Time, time sends a warning call

2003-05-15, Goodnight John

I am basking in the high of having written what is probably a pretty good essay. Furthermore, it's an essay my English professor at home would have looooved (with extra o's) so I am betting that English professor here will at the least enjoy it. I got a little carried away at the end, but I was a little punchy from having stared at the computer screen since 2 in the afternoon. The prose is really quite stunning - highly wrought as per usual. It wouldn't be me if there weren't plenty of rhetorical flourish.

I'm glad that I can compose an essay. Now to compose my life! (With extra flourish.)

2003-05-14, Ms. Stupidhead writes a mean essay

So today, after I crashed on Charlotte's purple satin sheets and started to recount my day in typical manner - including lots of funny faces, non sequiturs, and random moments of staring followed by spastic giggling, she said "You have a beautiful smile."

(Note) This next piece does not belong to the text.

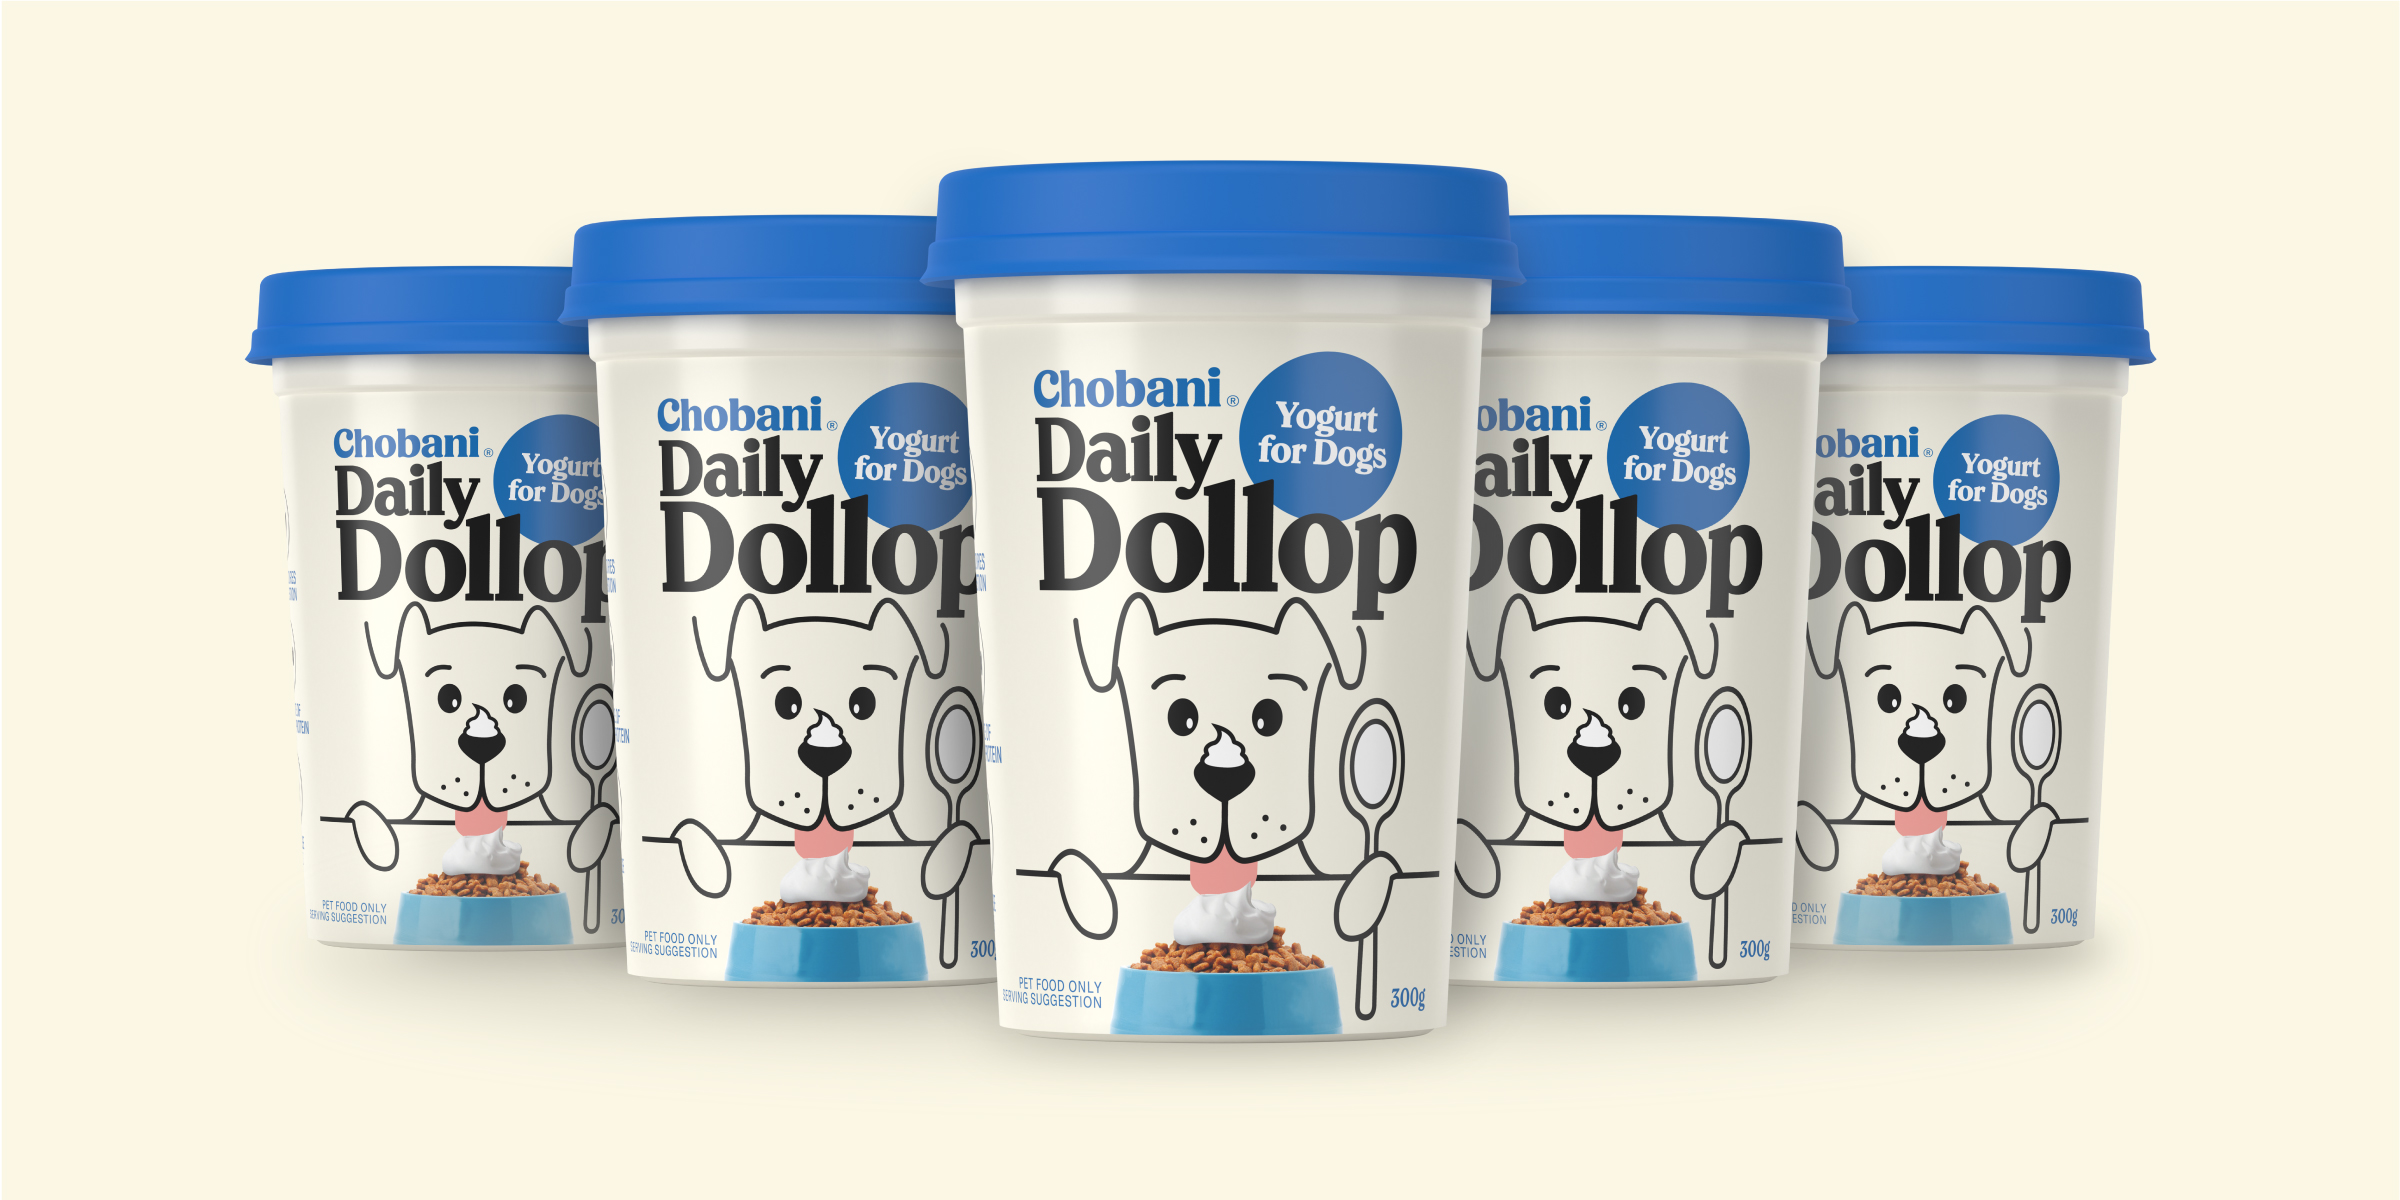 Chobani Daily Dollop - Packaging Design

"Oh, darling, usually it's the Peruvian pickpockets who tell me sweet things like that!"

1000 words to go.

This is the cutest thing I have ever written. I found it on my hard drive ages ago. I write the dopey-est fake fiction on the planet, but I love it:

She wrapped herself up in the cloth which looked like it was made from the sleepy blue town at night. It was crusted with all the light from the dying out hearth fires or the lights from those sick and sleepless. She pulled it tight, fastened it, and plucked at it. She draped it over her head and walked out, as the fires dimmed and the lights shut off.

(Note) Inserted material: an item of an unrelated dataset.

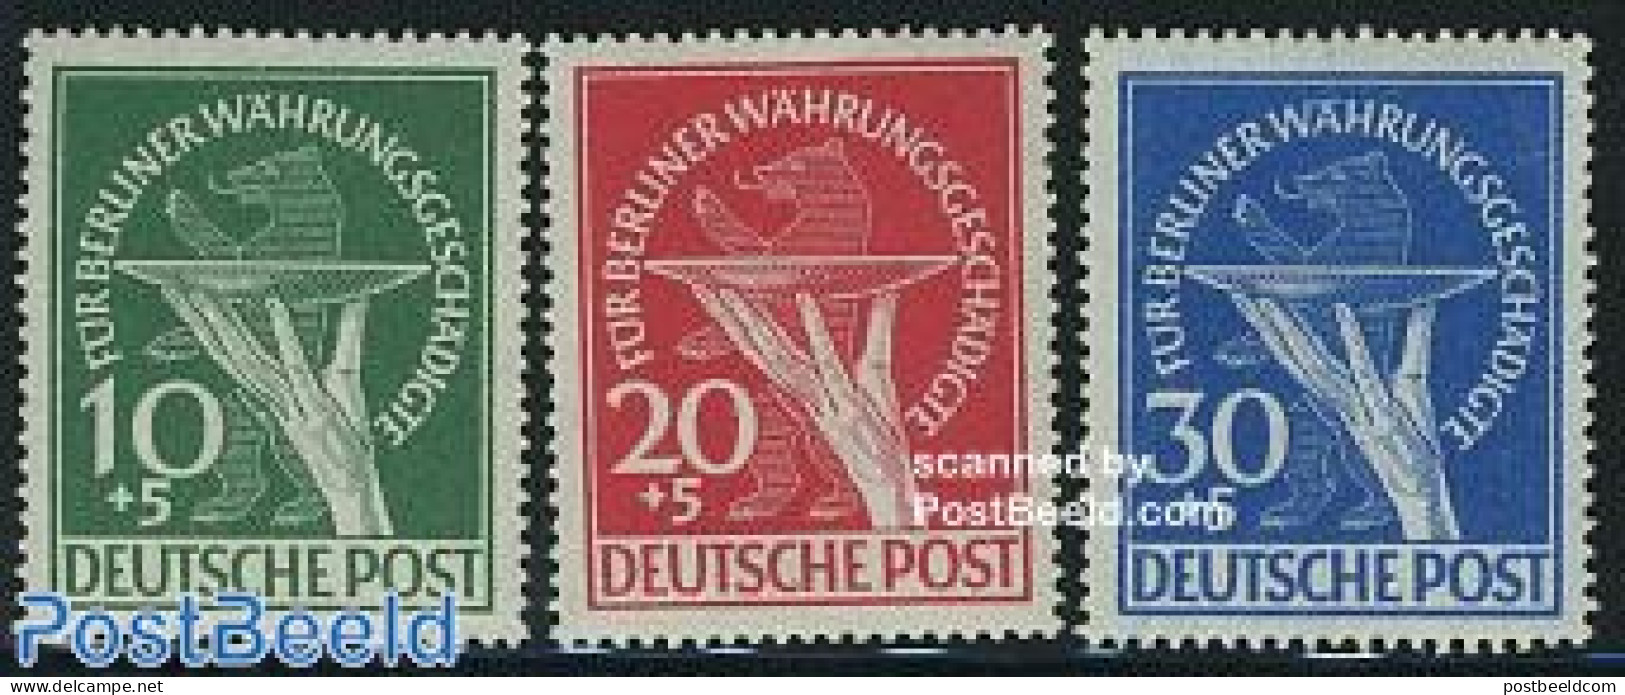 Germany, Berlin 1949 Berlin Fund 3v, Mint NH - Ongebruikt

Wearing the dress made her ears roar and her skin tingle. She wanted to cause a stir, but she always wound up standing silently somewhere. Walking around, waiting for a stir, trying to ignore the roar in her ears, she finally gave up and went to the supermarket. She loved the supermarket and spent many hours just pacing them with her hands thrust into pockets, never touching or buying anything.

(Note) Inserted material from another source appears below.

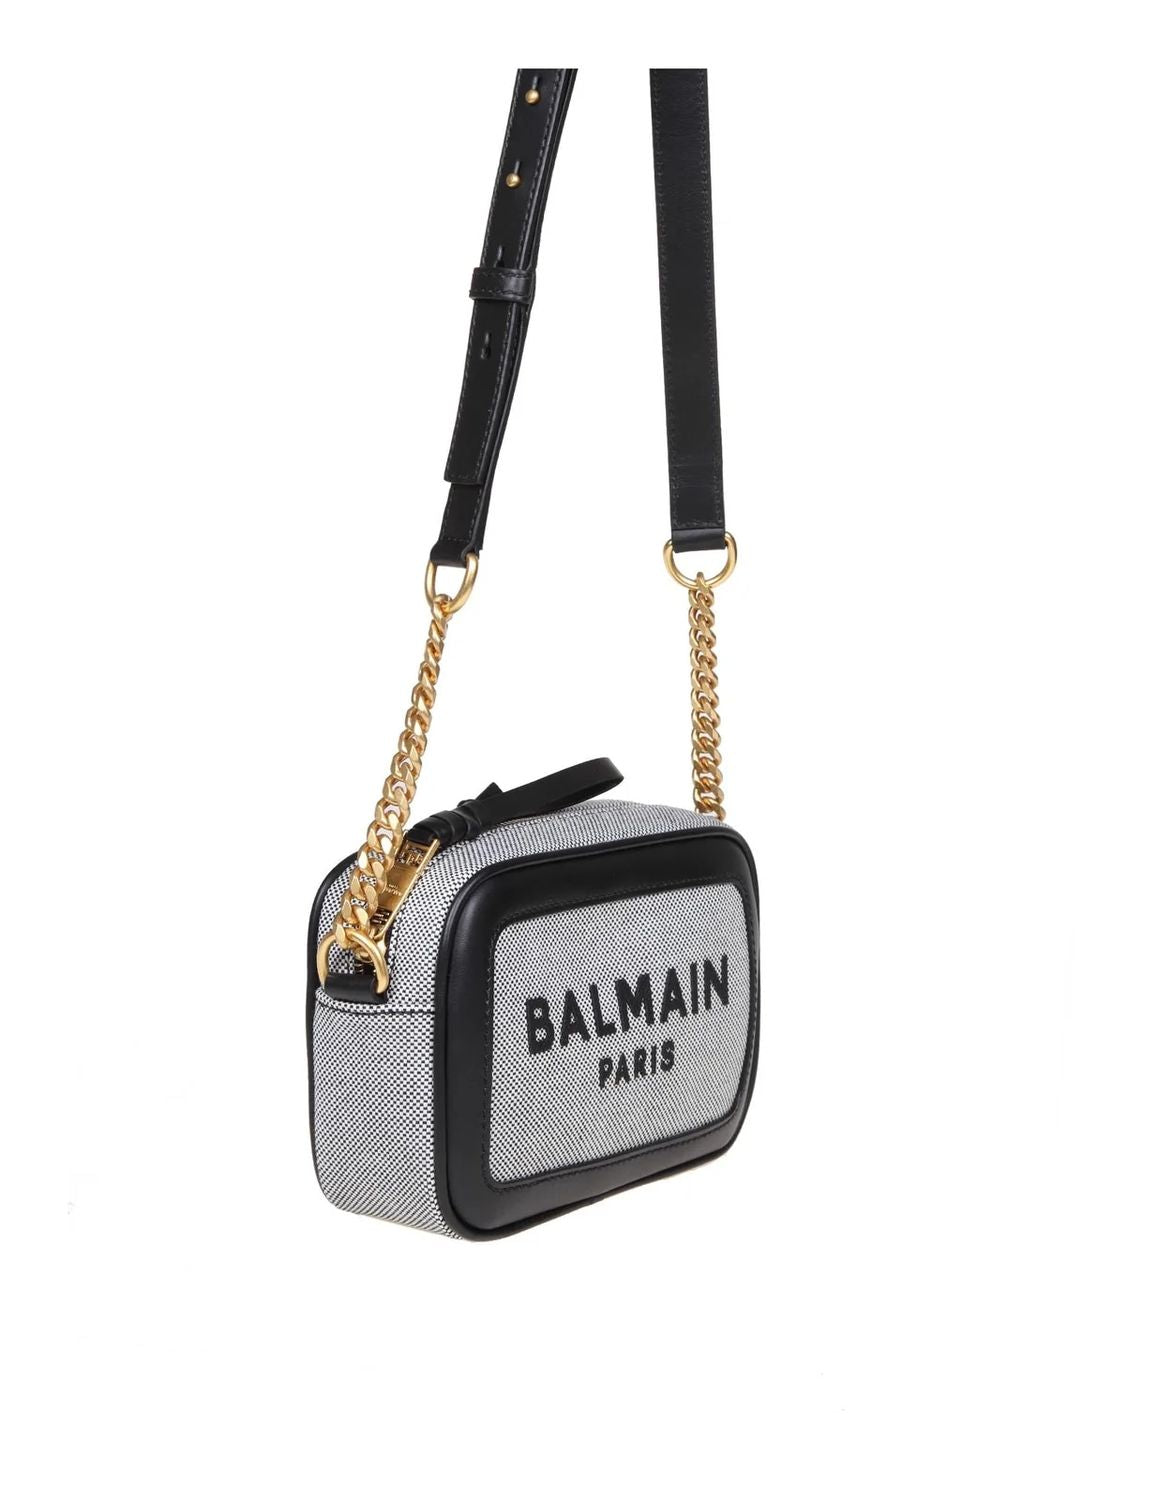 BALMAIN B-Army Camera Handbag - Crossbody for Women

Her lips were thin and chapped, and she licked them as she looked around furtively. She wished some golden and sweet liquid were sloshing through her head - rinsing away the tiredness behind her eyes, cleaning the roar out of her ears, erasing the ache of her bones. So young, and such aches, she thought. She felt stupid for thinking that. She pretended to inspect the cereal. Nervously, she shuffled on.